Effect of a Prior Sham Marriage on Future Marriages
Last updated on Jul 20th, 2017
Marriage fraud can have a number of bad consequences on the immigrant who intends to benefit from it. Anyone who is thinking about engaging in marriage fraud or has entered a marriage which may appear to be fraudulent to a USCIS adjudicator should, at the very least, consult with an immigration attorney.
However, the truth is that many people will get away with marriage fraud. Many immigrants will receive a Green Card, receive citizenship, and go on to live happily ever after in the US, because of marriage fraud. However, it is also true that many people are caught.
For this reason, it is important to know some of the consequences of a sham marriage.
Here is just one:
When an American citizen marries a non-citizen, the citizen can file a Form I–130, to petition the government to recognize the non-citizen (the beneficiary) as a legal permanent resident. The couple has the burden to persuade the government that, when they married, they intended to establish a life together. However, separate from the couple’s burden, the government must deny the petition if it finds that the non-citizen ever entered into a sham marriage. All prior marriages can be considered, and if the government finds that any one of them is fraudulent, the beneficiary is forever barred from receiving an immigration benefit through marriage. This is a statutory bar that cannot be avoided.

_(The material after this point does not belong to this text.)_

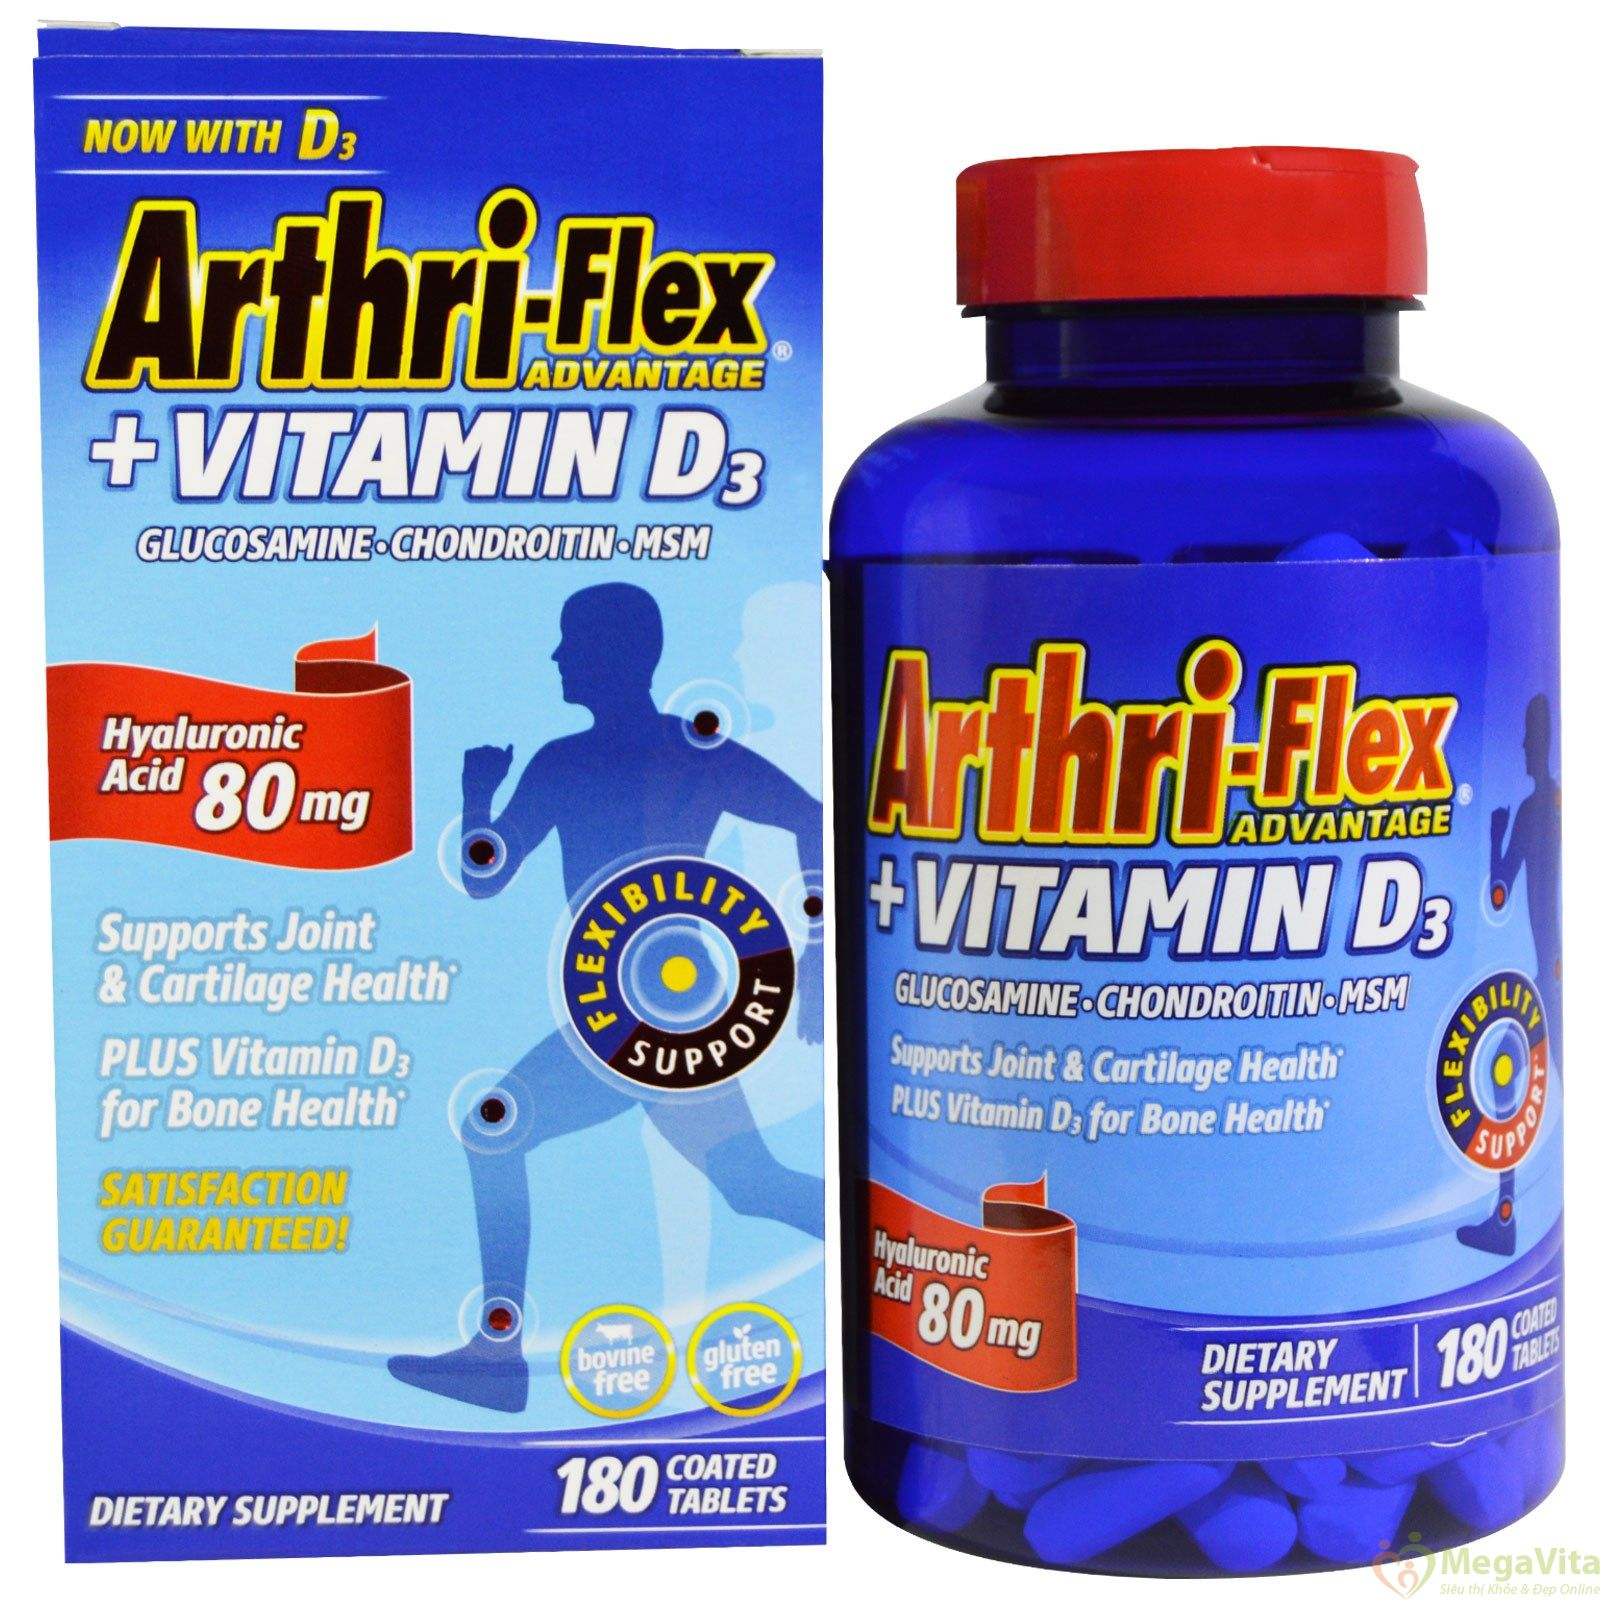 Arthri - flex advantage

The beneficiary need not have been prosecuted or convicted of marriage fraud, and the government may look at all relevant evidence. If the government identifies substantial and probative evidence of marriage fraud, then the burden shifts to the couple to show otherwise.
This is just one undesirable consequence that follows from a sham marriage. There are others; nonetheless, sham marriages will probably never end. Whether someone engages in a sham marriage is entirely their choice, but to do so without knowledge of all the consequences that follow from a sham marriage is foolhardy.